§ WHAT YOU NEED TO DO:
The listing below is to be given again in full and word for word, without its images.

§ INFORMATION SHOWN:
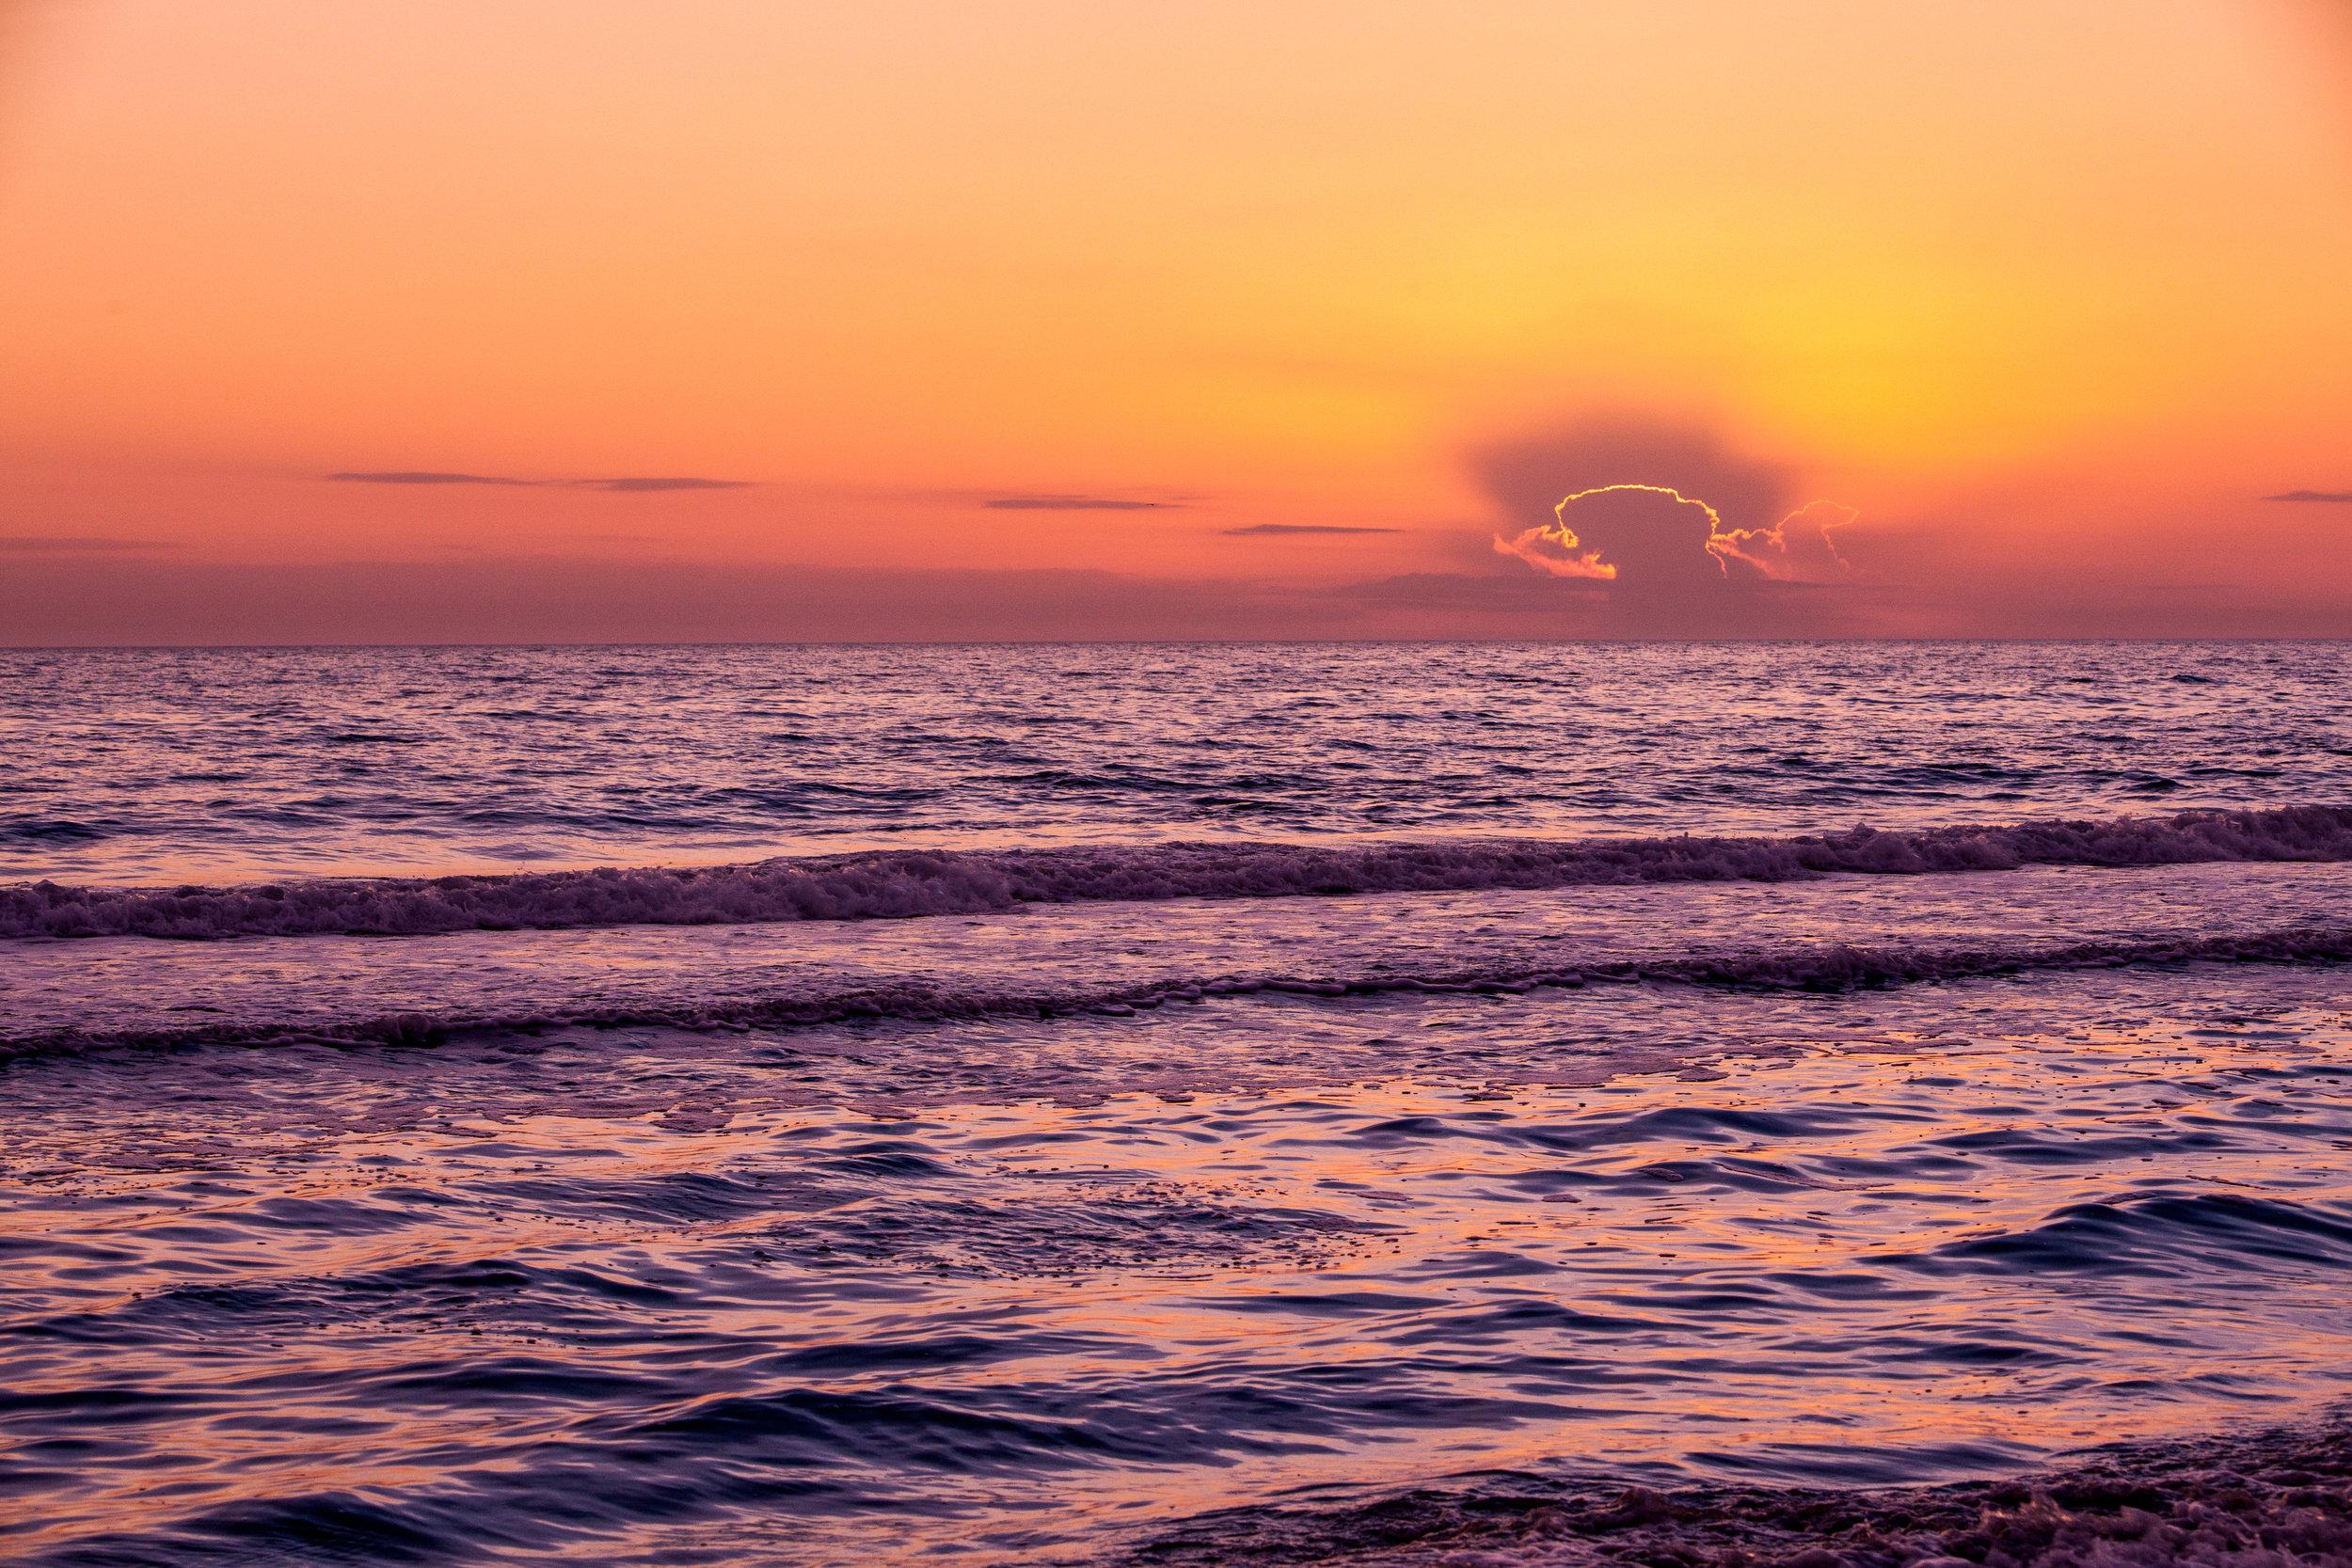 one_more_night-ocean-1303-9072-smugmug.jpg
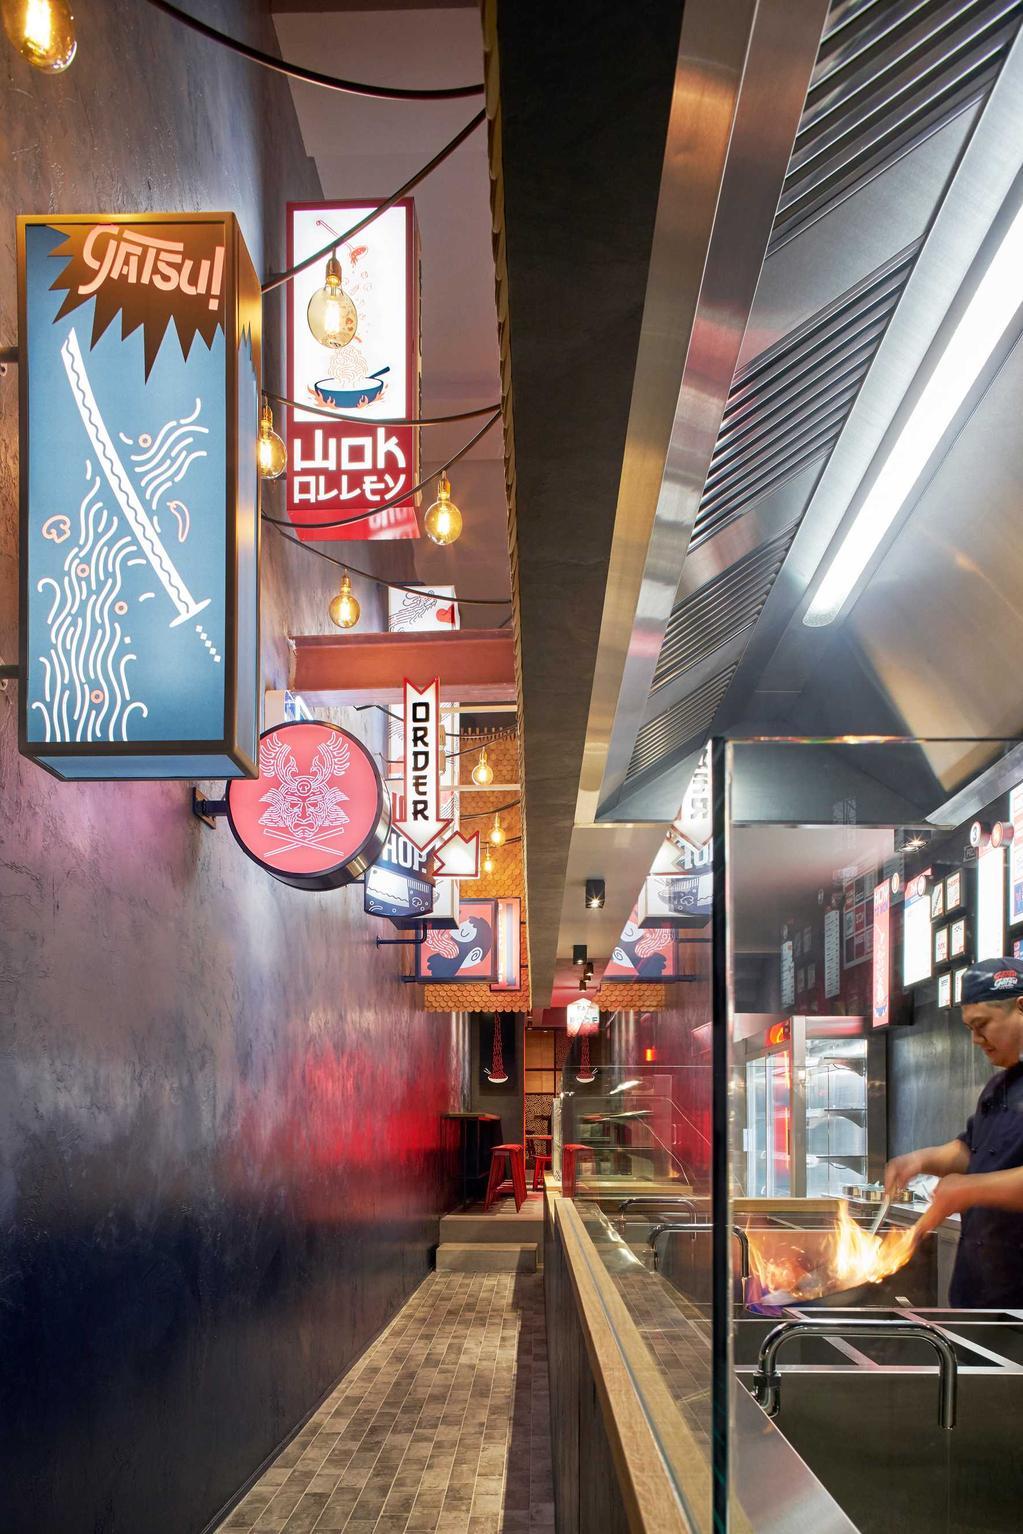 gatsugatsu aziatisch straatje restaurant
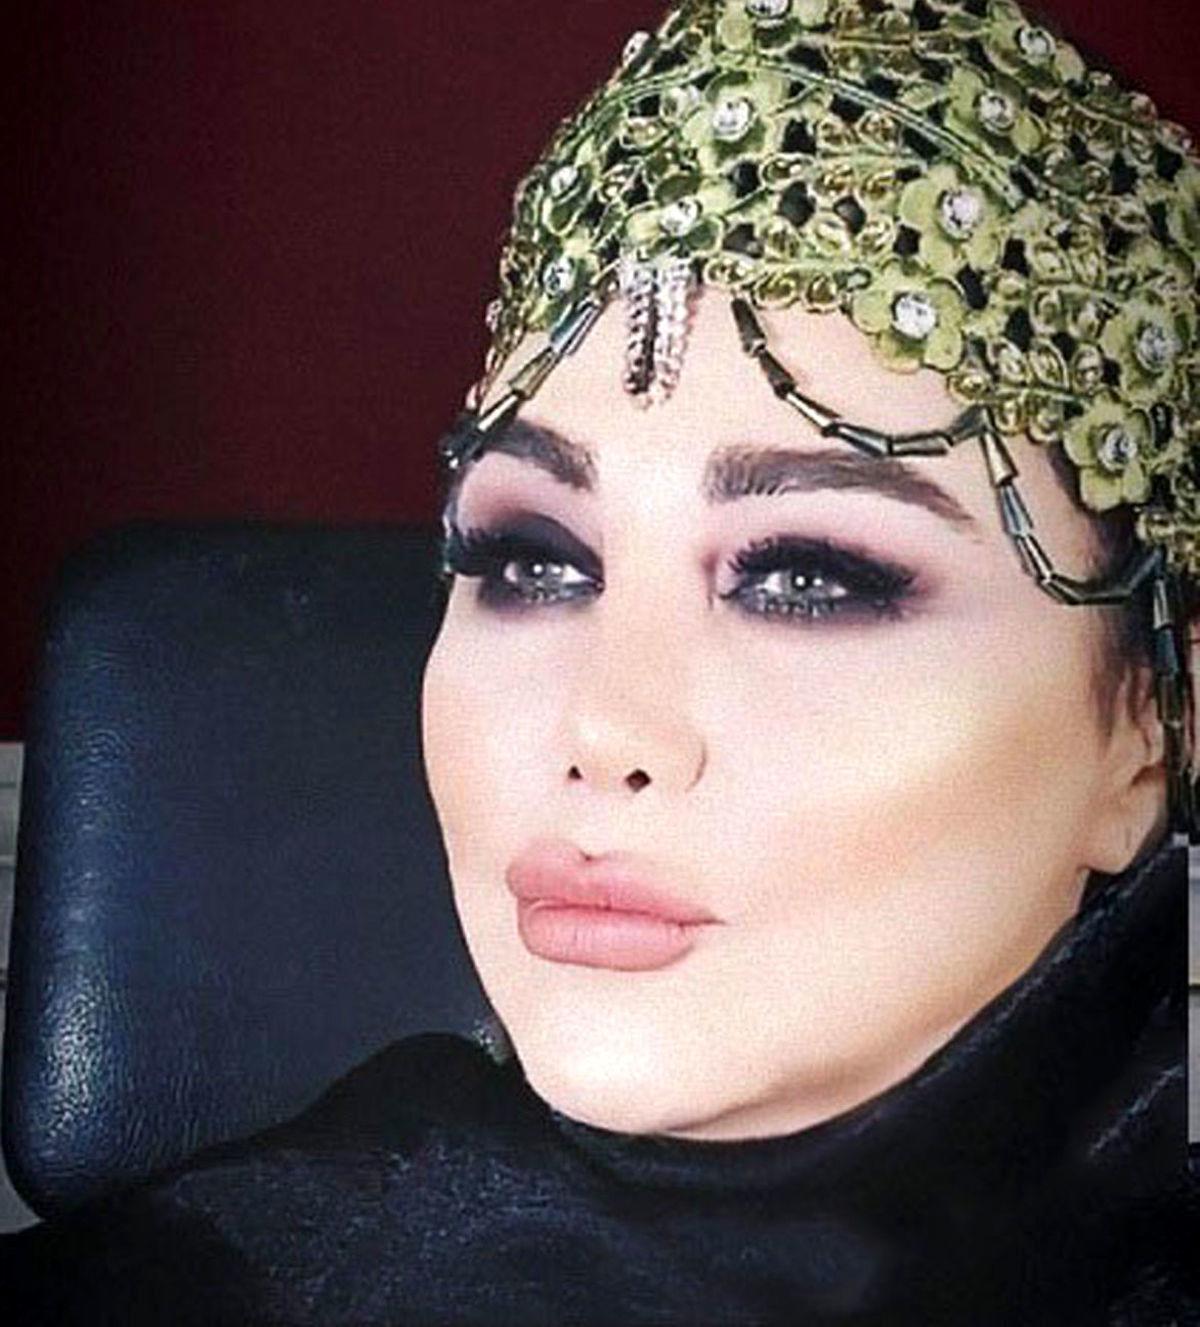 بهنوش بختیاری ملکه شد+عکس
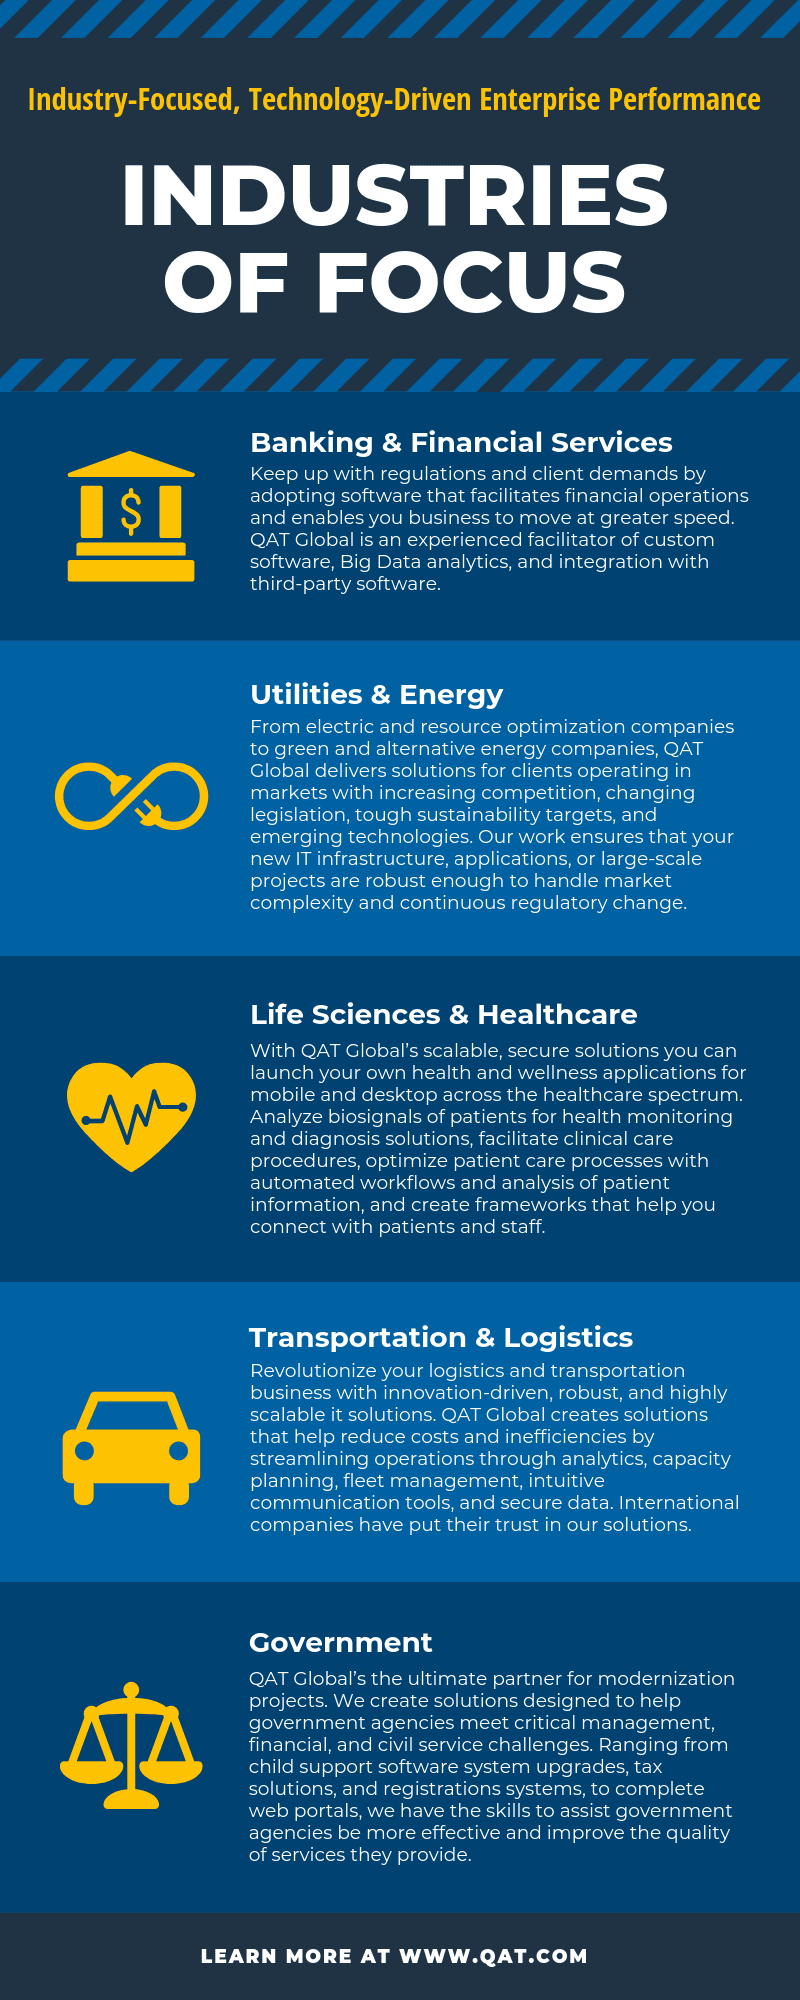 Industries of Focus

§ REPLY:
 one_more_night-ocean-1303-9072-smugmug.jpg
 gatsugatsu aziatisch straatje restaurant
 بهنوش بختیاری ملکه شد+عکس
 Industries of Focus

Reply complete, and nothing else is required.